- Exercise instructions: Everything from the line containing "SPD-Vorsitzender Martin Schulz" through the final line below must be output exactly, both ends included, with nothing else and no pictures.

- Dataset section:
● ● ● ● ● ● ●

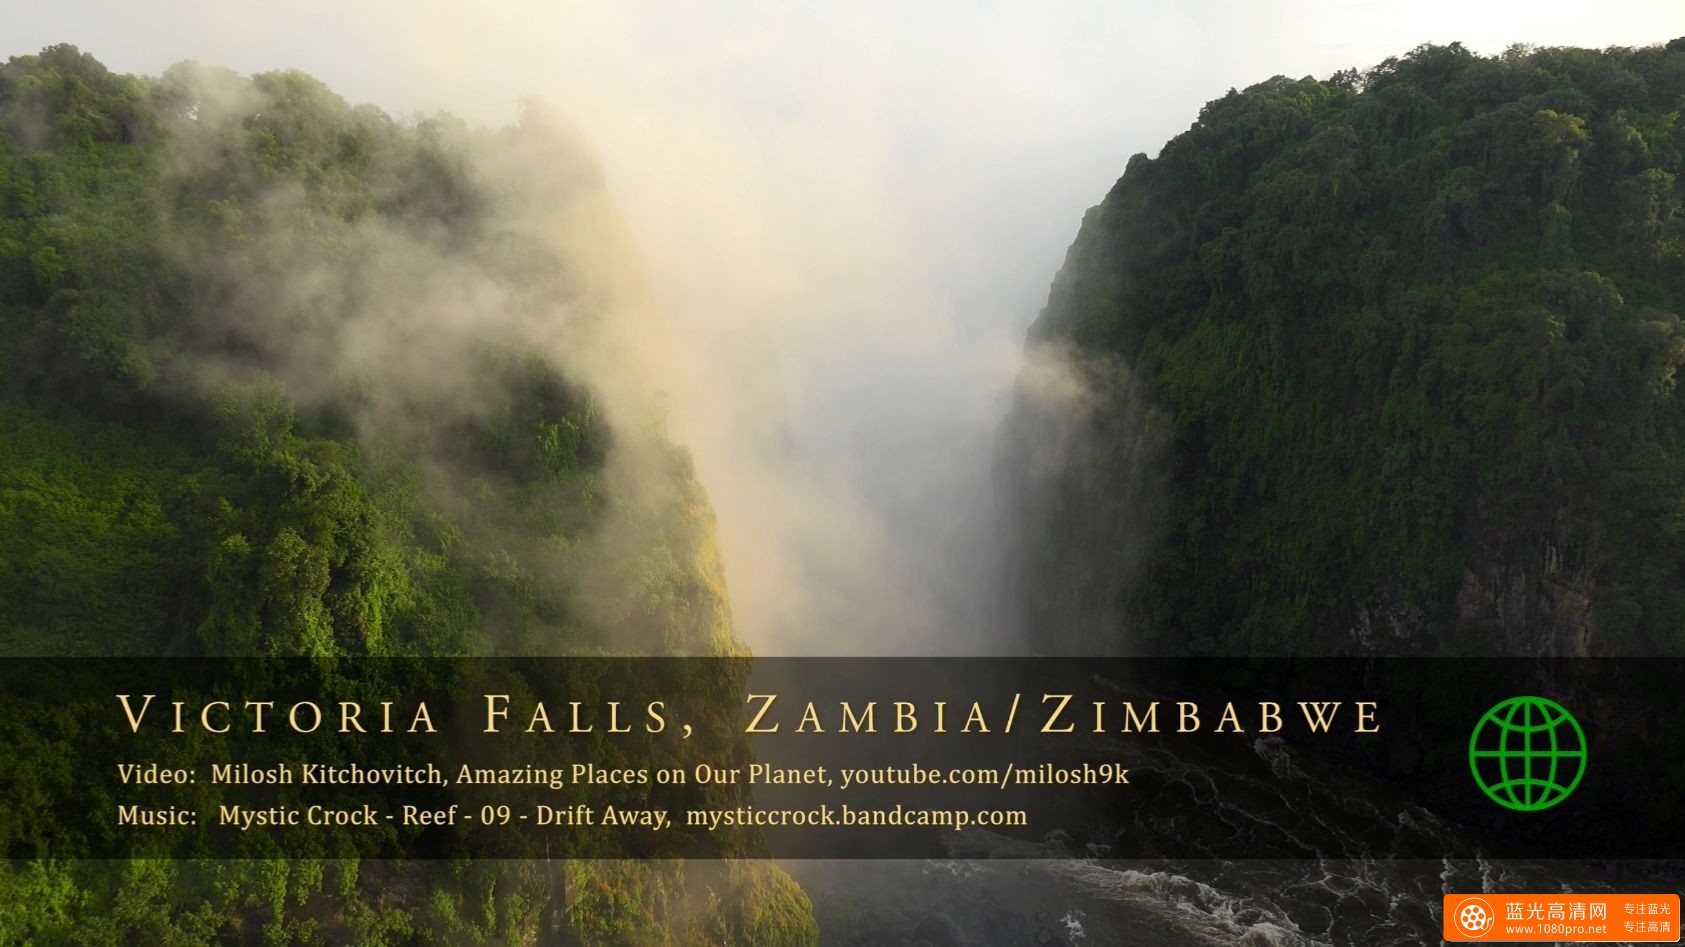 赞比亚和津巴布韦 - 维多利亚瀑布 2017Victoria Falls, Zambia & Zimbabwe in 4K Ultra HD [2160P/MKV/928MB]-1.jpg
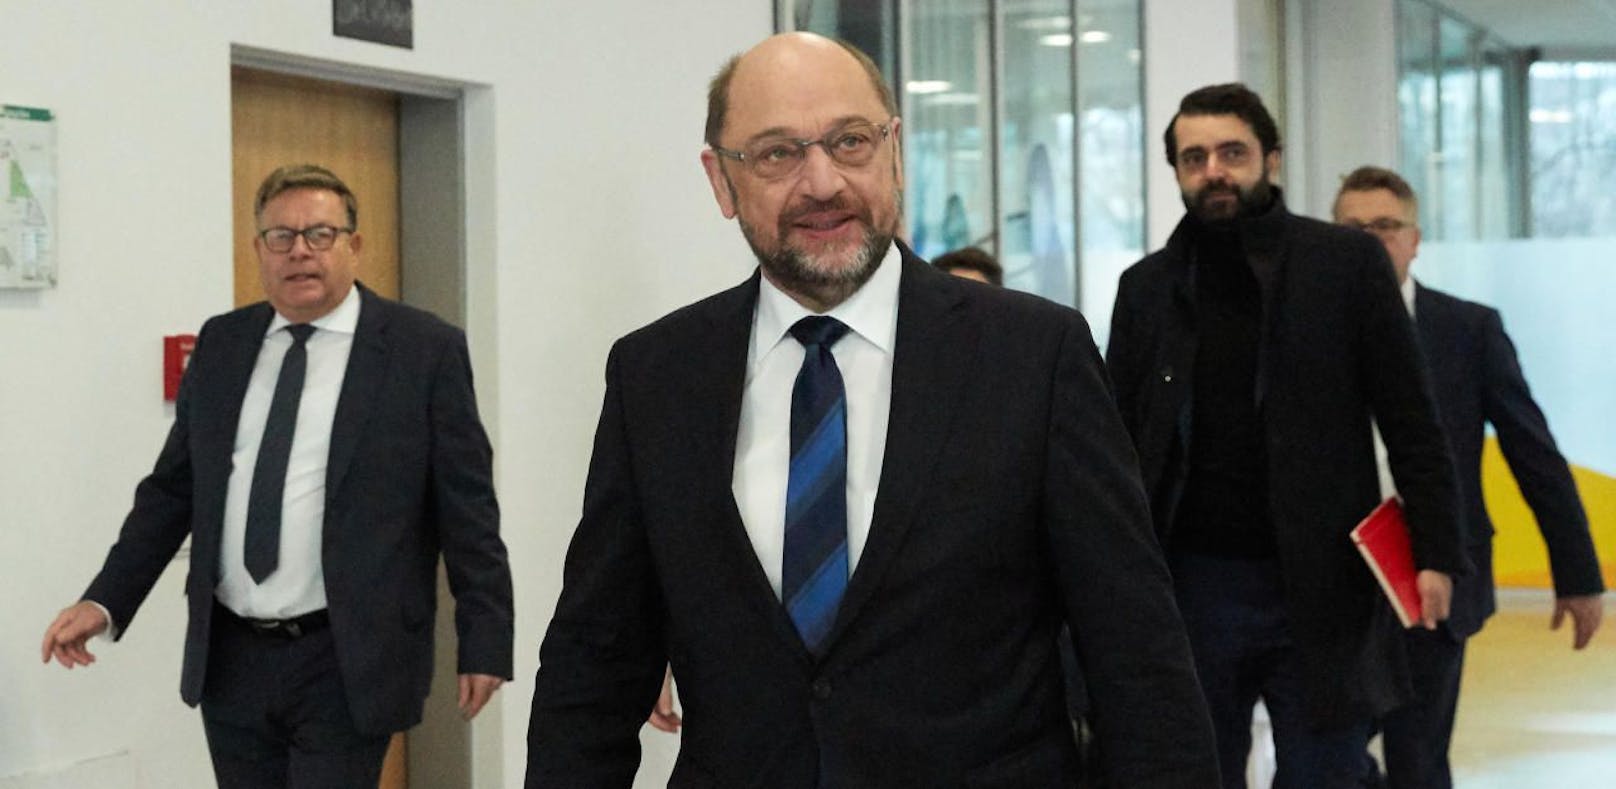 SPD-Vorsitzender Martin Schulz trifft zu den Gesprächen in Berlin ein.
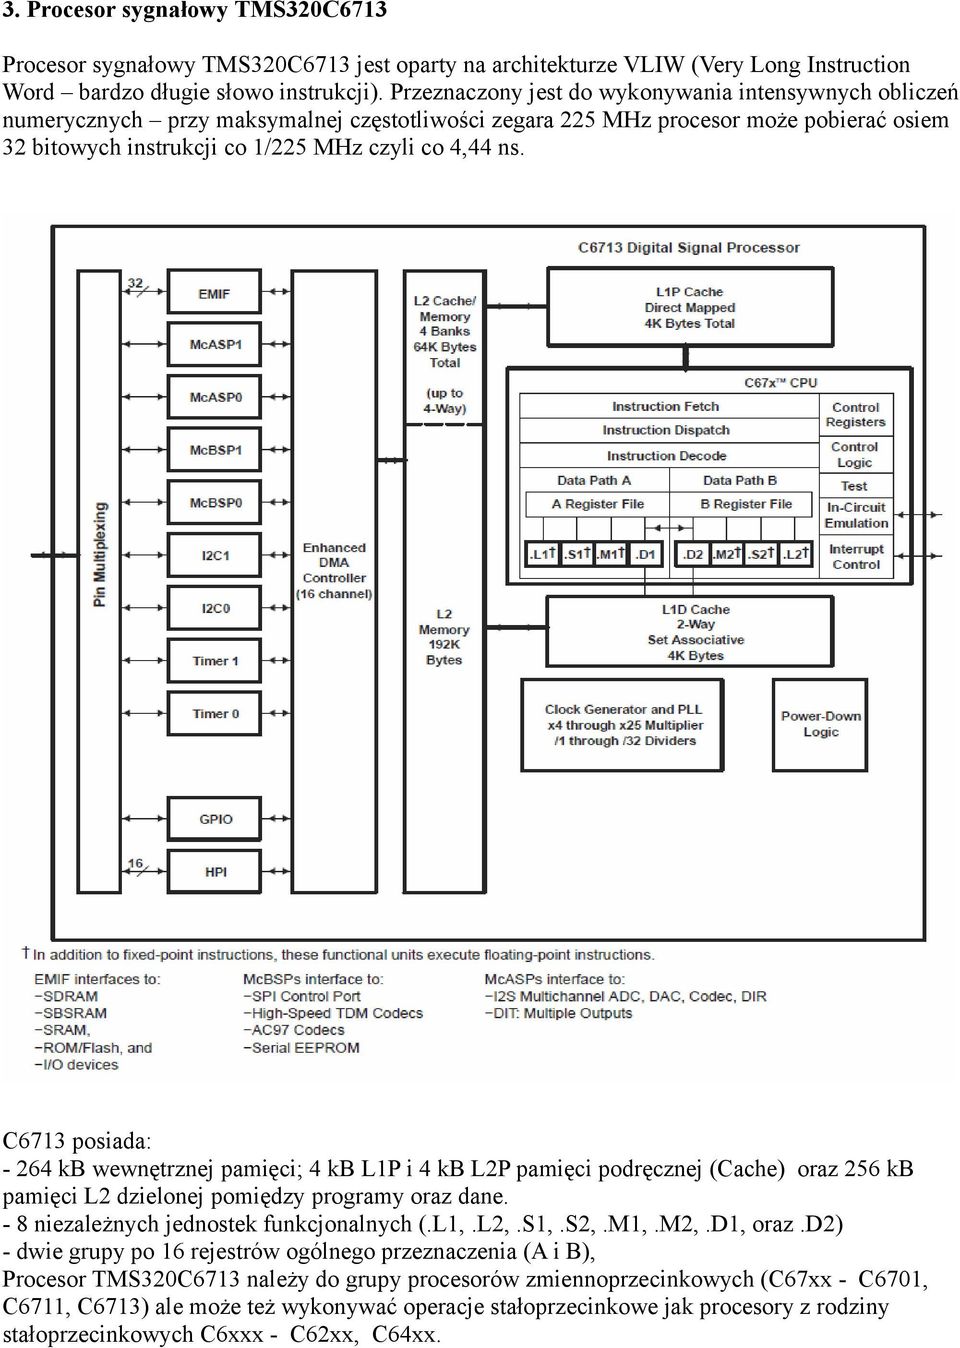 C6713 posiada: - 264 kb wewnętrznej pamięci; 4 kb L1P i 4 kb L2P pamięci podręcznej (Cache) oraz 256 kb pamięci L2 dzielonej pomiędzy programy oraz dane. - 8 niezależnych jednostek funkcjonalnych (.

● ● ● ● ● ● ●

- Written response:
 SPD-Vorsitzender Martin Schulz trifft zu den Gesprächen in Berlin ein.
 C6713 posiada: - 264 kb wewnętrznej pamięci; 4 kb L1P i 4 kb L2P pamięci podręcznej (Cache) oraz 256 kb pamięci L2 dzielonej pomiędzy programy oraz dane. - 8 niezależnych jednostek funkcjonalnych (.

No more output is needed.